What first pops into your mind when you hear the word “midlife?” Yep, CRISIS!

The dreaded midlife crisis is the butt of so many jokes — but it’s actually really serious. After I lost a few friends to midlife suicide, I set out to develop a school dedicated to rethinking midlife and, based upon how many coaches have flocked to our “midlife wisdom school,” MEA, I think you might find it relevant.

Midlife is one of three life stages that sprouted up in the 20th-century. The word “adolescence” didn’t exist until 1904 when society realized that just because you hit puberty didn’t mean you were an adult. “Retirement” was popularized nearly 100 years ago with pensions and Social Security in the 1930s and the advent of AARP and retirement communities 30 years later. 

These two life stages got a whole lot of love. 

But, there’s a life stage in the middle that hasn’t gotten much respect. “Midlife” was a natural outgrowth of three decades of additional longevity we were granted in the 20th-century, but all it got was a bad brand, the “midlife crisis” which was coined in 1965. 

And, yet, research on happiness as we age suggests that while there’s a long, slow decline in life satisfaction from our early 20’s to bottoming out between 45-50, we get continuously happier in each decade after that. It’s called the U-curve of happiness. So, midlife is like the caterpillar to butterfly metamorphosis, more of a “chrysalis” than a crisis. 

Given that midlife is now defined by many sociologists as ages 35-75, it’s likely that the majority of your coaching clients are navigating their classic midlife transitions: career changes, retirement, divorce, empty nest, parents passing away, menopause, newfound spiritual curiosity. Coaches, by helping your client through these transitions, you’re assisting them in their metaphorical “labor” of birthing a new identity and, often, a new way of living. You’re sort of like a midwife.  

Being a midwife is a glorious and strenuous calling, helping birthing mothers bring a precious, new life into the world. In a conversation with one of our MEA faculty members, Father Richard Rohr, he told me that midlife is almost like our second birth, the time when an adult’s operating system shifts from the ego to the soul. He says, “There are those who feel that something is happening to and within them. Their tastes are changing, and their balance has shifted. Sometimes they are brought up short by a crisis: an experience of conversion, a tragic loss, a period of great pain, a sharp awareness of being on a threshold. Those going through this definitely can use a midwife for their midlife metamorphosis.”

Just like a midwife, a coach doesn’t have to be called in for the dramatic moments, just at the exciting time of the birth. A coach works with the whole person and is present throughout the whole process of transition. My midlife midwife was my friend Vanda, a coach, who held my hand through the darkest time of my life around age 45-49 during the Great Recession, when I lost a number of friends to suicide. She helped me to breathe through the most difficult months of a period when everything changed in my life and I felt like I was in a dark, never-ending tunnel…my dark and gooey chrysalis.  

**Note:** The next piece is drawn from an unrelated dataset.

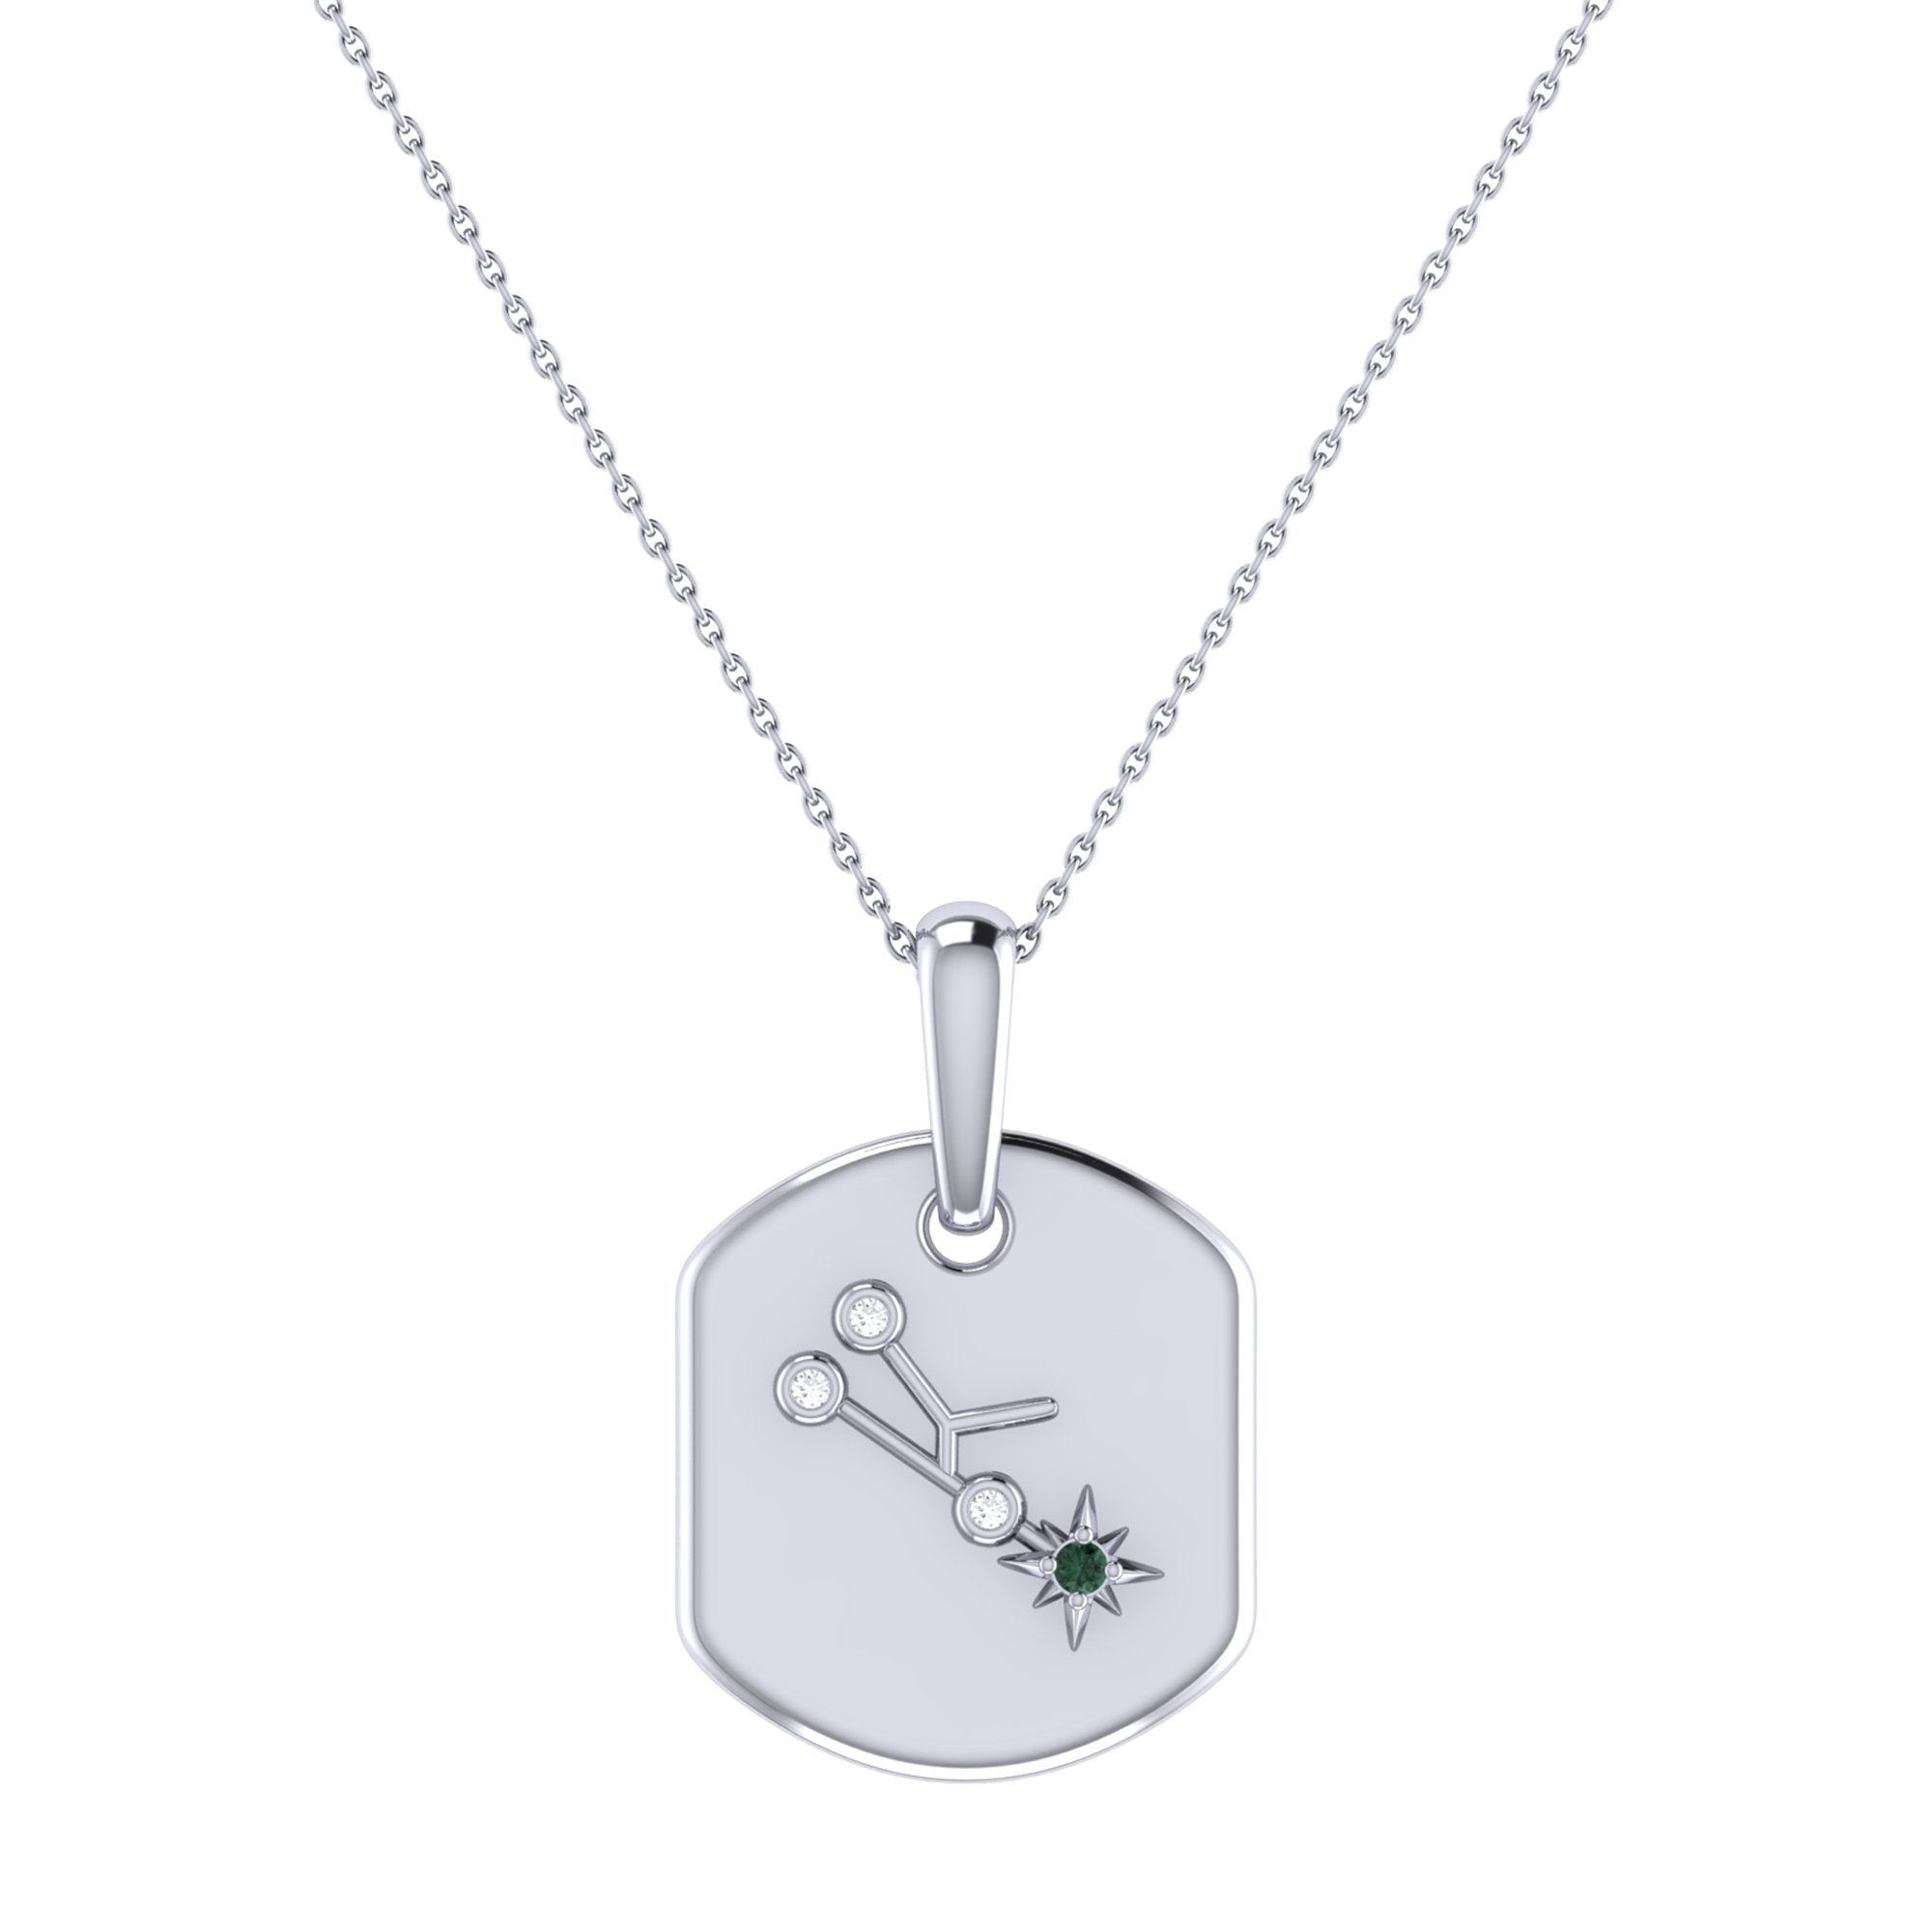 Taurus Bull Emerald & Diamond Pendant Necklace: A Symbol of Loyalty and Stability - Jewelry & Watches - Bijou Her -  -  -

I believe more and more coaches should study the natural transitions that happen in midlife. Yale’s Dr. Becca Levy has shown that when we shift our perspective on aging in midlife from negative to positive, our health outcomes improve. Better balance, more openness to new experiences, better cognitive functioning, more satisfying sex life, and all kinds of other benefits.

She’s also shown we’re granted seven and a half years of additional life when we reframe our mindset on aging. Remarkably, this is more additional longevity than if we stop smoking or start exercising at age 50.